Background: Interleukin (IL)-37 is a potent anti-inflammatory cytokine of the IL-1 family that can broadly suppress inflammation and immunity. Extracellularly, IL-37 signals via formation of a functional complex with the receptor proteins IL-1R8 and IL-1R5 on the cell surface to initiate its anti-inflammatory signaling cascade. However, the expression and regulation of the IL-37 receptor (IL-37R) and its effect on the intracellular mechanism of action of IL-37 are not fully understood.
Methods: Here we characterised IL-37R expression in peripheral leukocyte subsets such as lymphocytes, monocytes, and dendritic cells in human whole blood from healthy donors and patients with inflammatory conditions including systemic lupus erythematosus, rheumatoid arthritis, and respiratory, neurological, and gastrointestinal disease. We also investigated the stimuli that induce IL-37R and the response of IL-37R+ cells to extracellular recombinant IL-37 stimulation.
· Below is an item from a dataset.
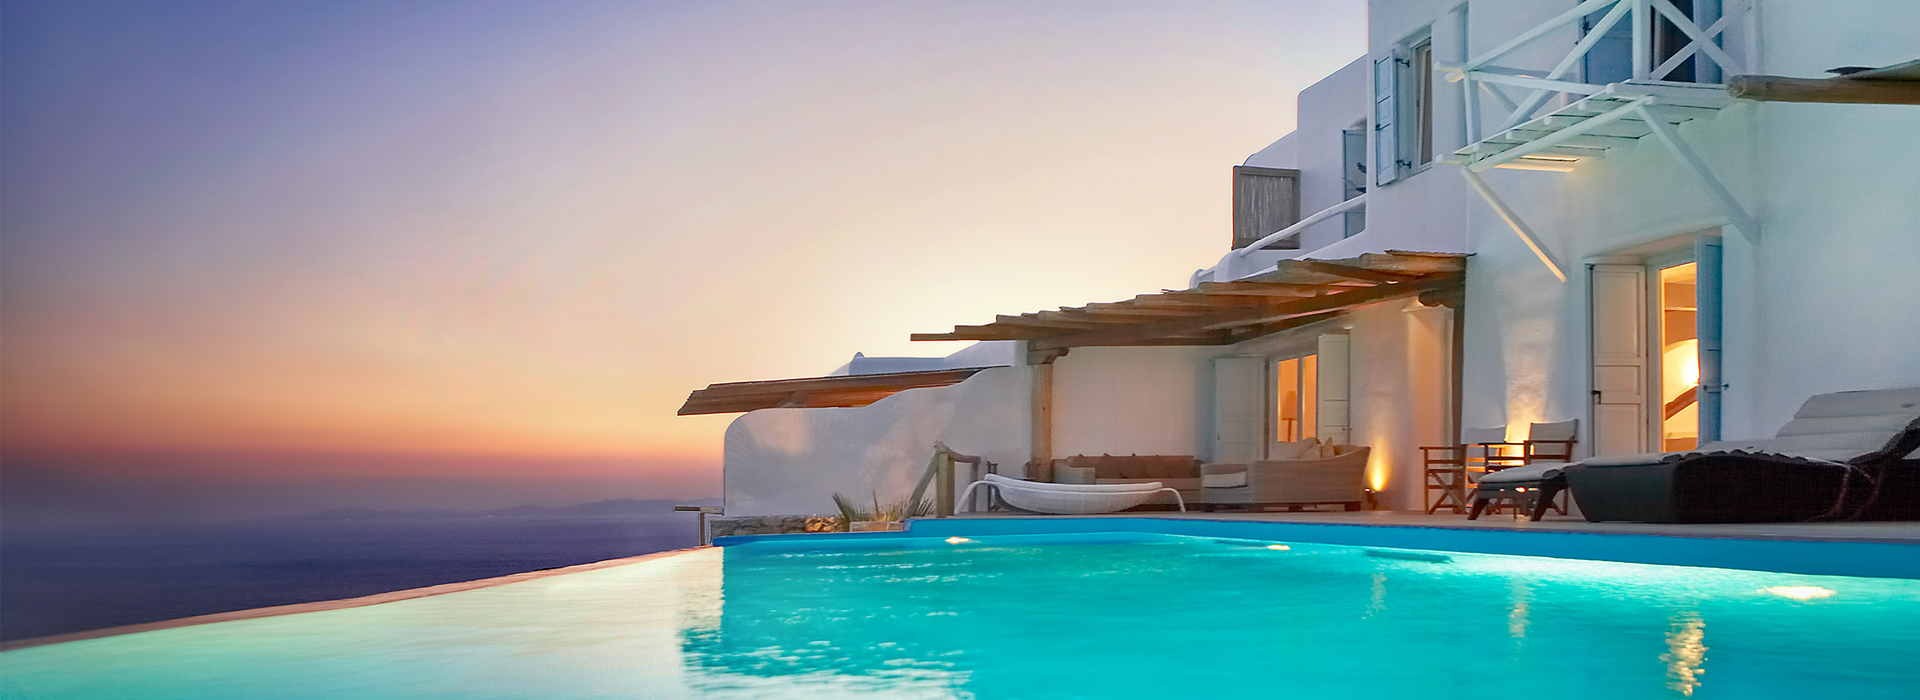 villas rentals greece

Results: We show that T cells are the major contributor to the total IL-37R+ population in healthy adult whole blood and that monocytes and dendritic cells are highly inducible for IL-37R. We also observed differences in IL-37R expression between health and disease contexts which has implications for assessing donor-specific responses to IL-37.
Conclusion: IL-37 is a strategic target for drug development because of its ability to broadly suppress inflammation. Our study identifies the effector cells expressing IL-37R and their regulation and provides information for specific drug-target interaction studies.